Blue hydrogen is obtained from grey hydrogen production means with additional carbon sequestration technologies (Carbon Capture, Utilization and Storage or CCUS). Although this solution is still envisaged on a large scale in the various prospective scenarios of the International Energy Agency (IEA), it is legitimate to raise doubts as to: (i) the economic model of this option, which adds numerous processes and therefore a significant additional cost, (ii) the energy model, since carbon dissociation requires a lot of energy through its transport and compression for burial, and even more fundamentally, (iii) environmental sustainability, since the effective duration of deep geological storage is not at all guaranteed to date [46,47].

3.1.3. Green Hydrogen

The very rapid fall in the cost of renewable energies (solar, onshore and offshore wind power) suggests intermittent production on a very large scale in the coming decades. The most rational solution from all points of view is to electrify the numerous industrial uses [44], and to do so, to reinforce the structure of the large continental electricity networks. Nevertheless, in the longer term, and to reinforce the penetration of renewable energies in end uses, the dihydrogen energy vector can become an essential link because (i) its high mass and volume densities enable it to store intermittent energy over large time scales (months) and thus ensure the desynchronization of production means with power demand, and (ii) it is very versatile since it can be produced by the electrolysis of water using wind or solar electricity (electrolysis) or biomass (chemical dissociation of carbon chains).
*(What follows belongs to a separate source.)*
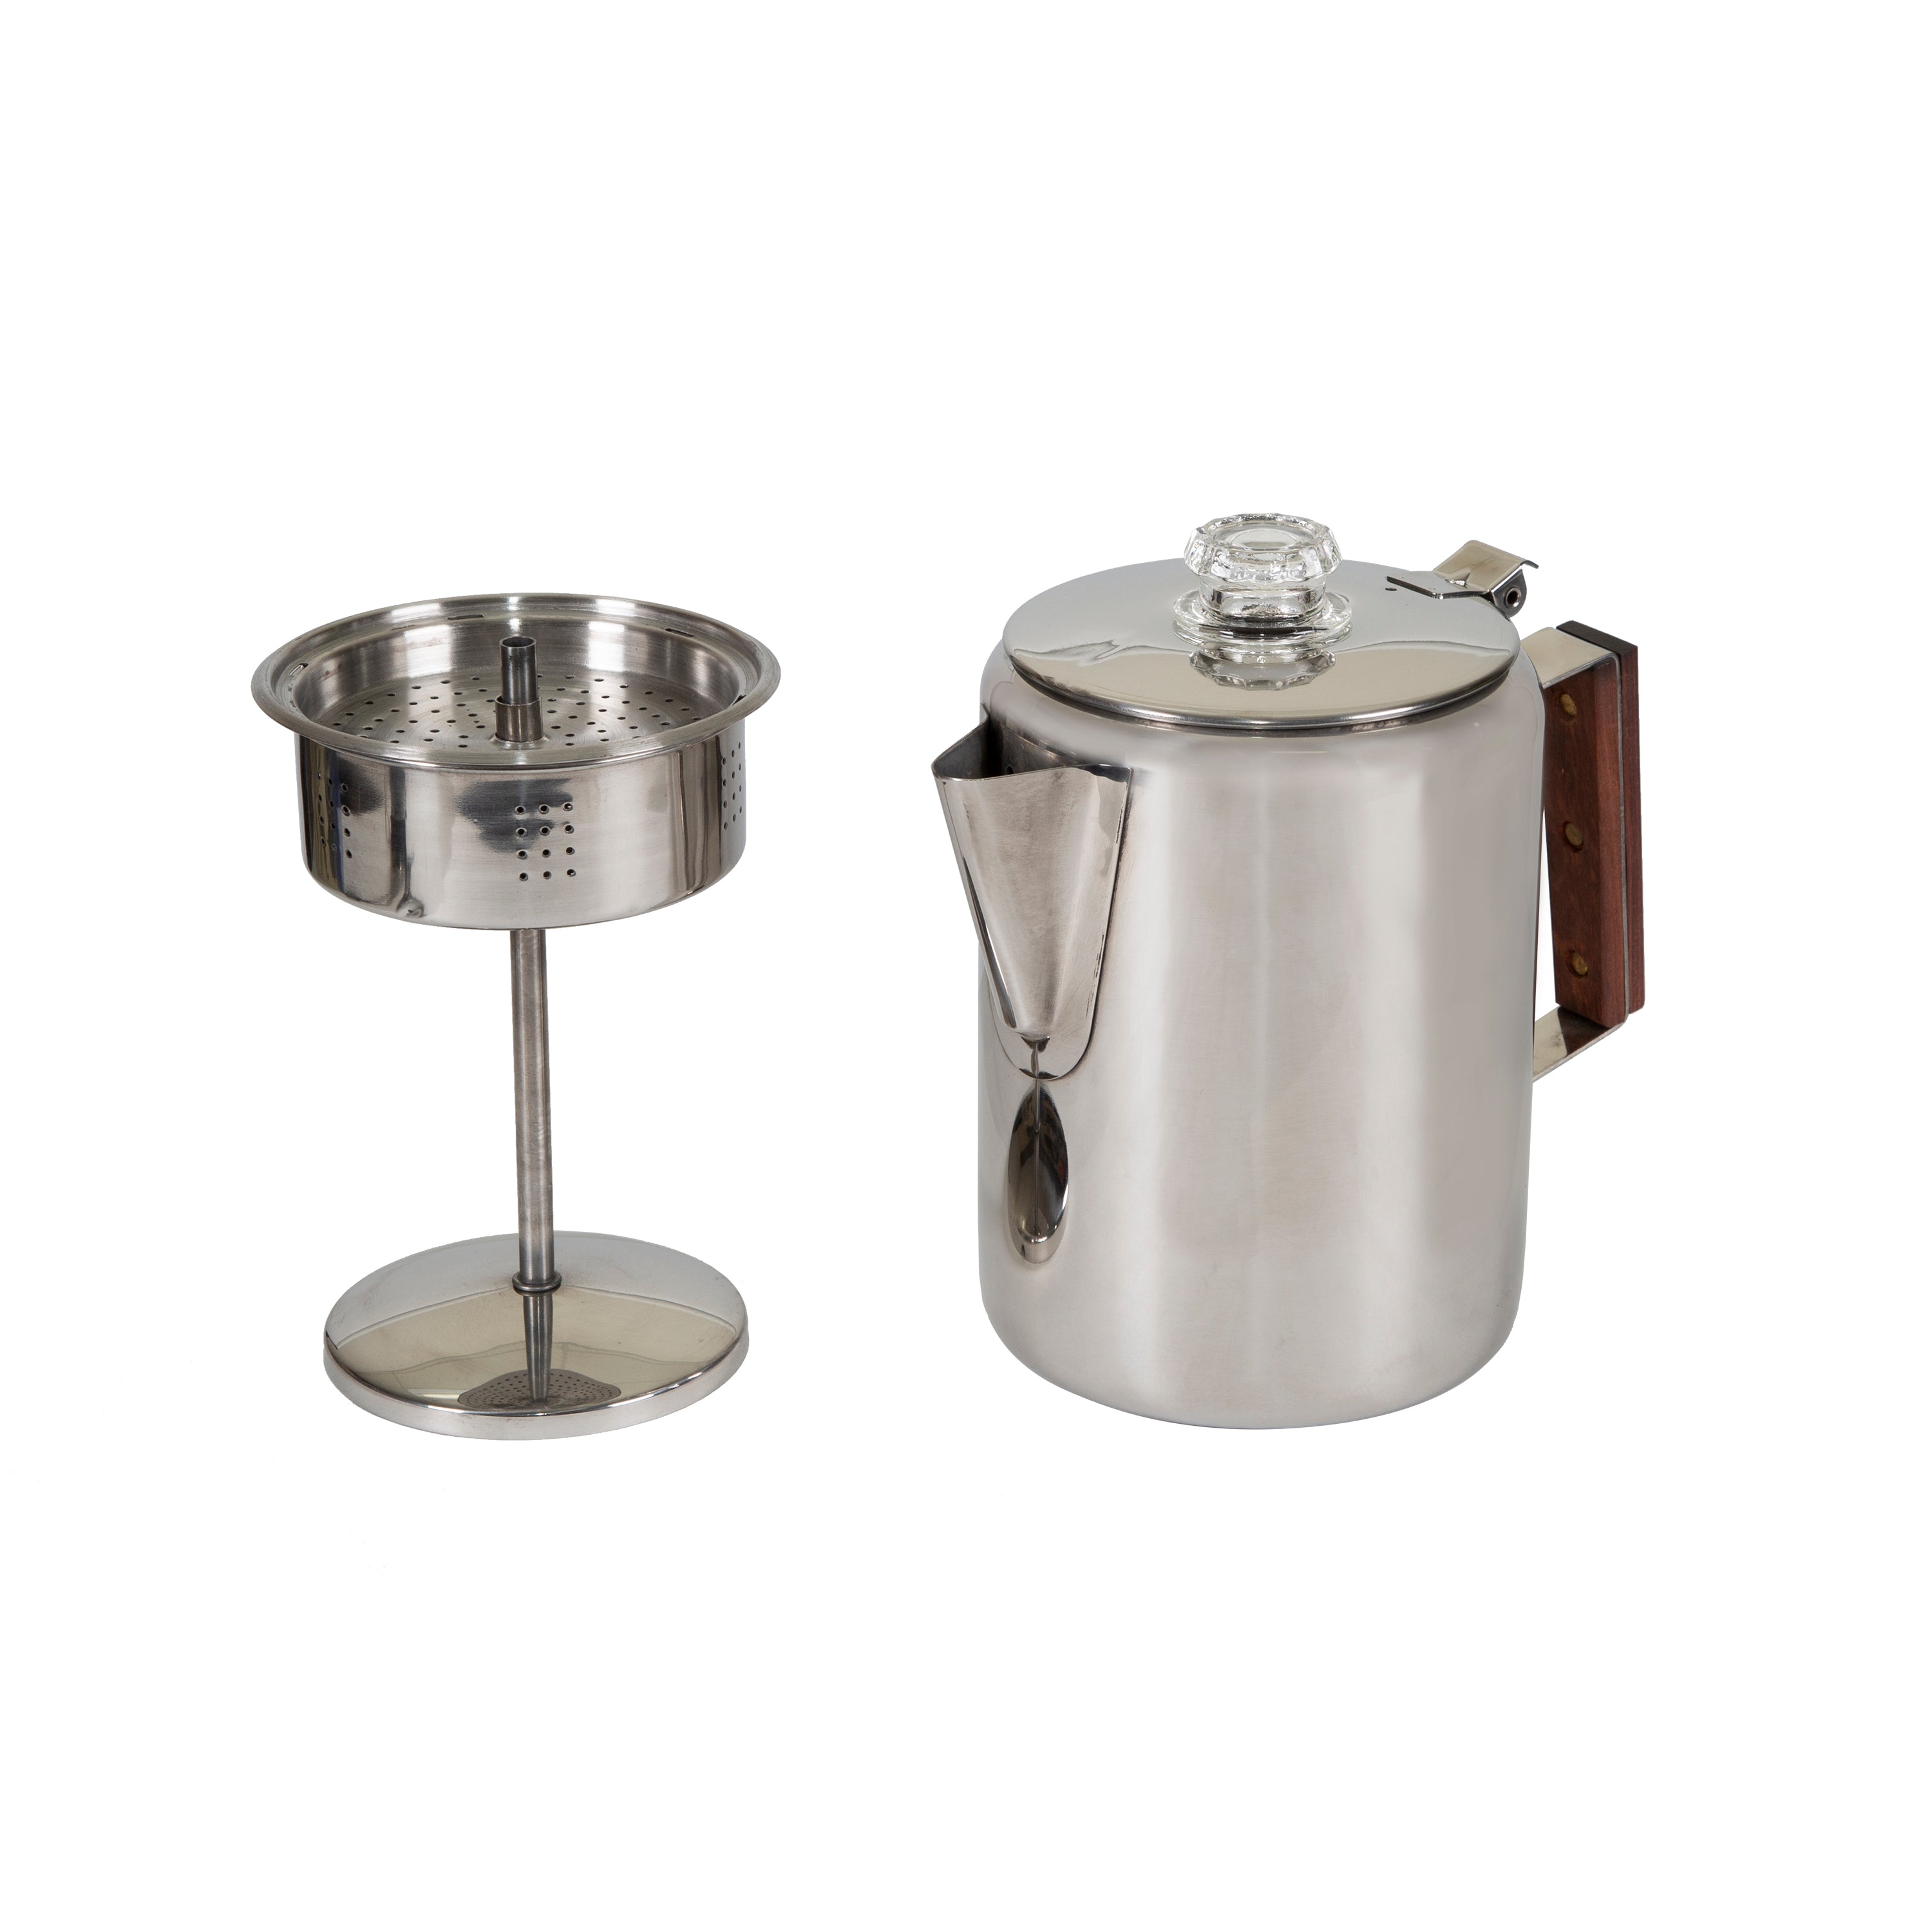 Stainless Steel Percolator Coffee Pot - 9 Cup-eSafety Supplies, Inc

This green hydrogen is therefore clearly the horizon for mass production of hydrogen energy. This development only makes sense when the natural outlets for renewable resources are exhausted. Each local situation is different. Denmark, with a 60% penetration of renewable energies in its electricity grid by 2019 and despite its electricity interconnections with other Scandinavian countries, could soon enter a need for dihydrogen flexibility. Other countries such as Switzerland or Austria with their significant potential for reversible hydraulic resources are still far from having to resort to this technological option, which is costly from a financial and environmental point of view.
Many processes can be used to produce green hydrogen (i.e., without greenhouse gas emissions): electrolysis of water, photolysis of water (water and sunlight), thermolysis of water, thermochemical water splitting on metal oxides, thermochemical conversion of biomass (e.g., gasification and pyrolysis), fermentation of biomass, catalytic decomposition of methanol (e.g., from biomass fermentation) [37,38]. These different hydrogen production pathways and technologies range from commercial to long term maturity. They are dependent on feedstock availability and produce pure H2 or fuel admixture. Depending on end-use technical specifications, the purification sub-systems costs (energy consumption and recovery rate) may impact its competitiveness and LCA.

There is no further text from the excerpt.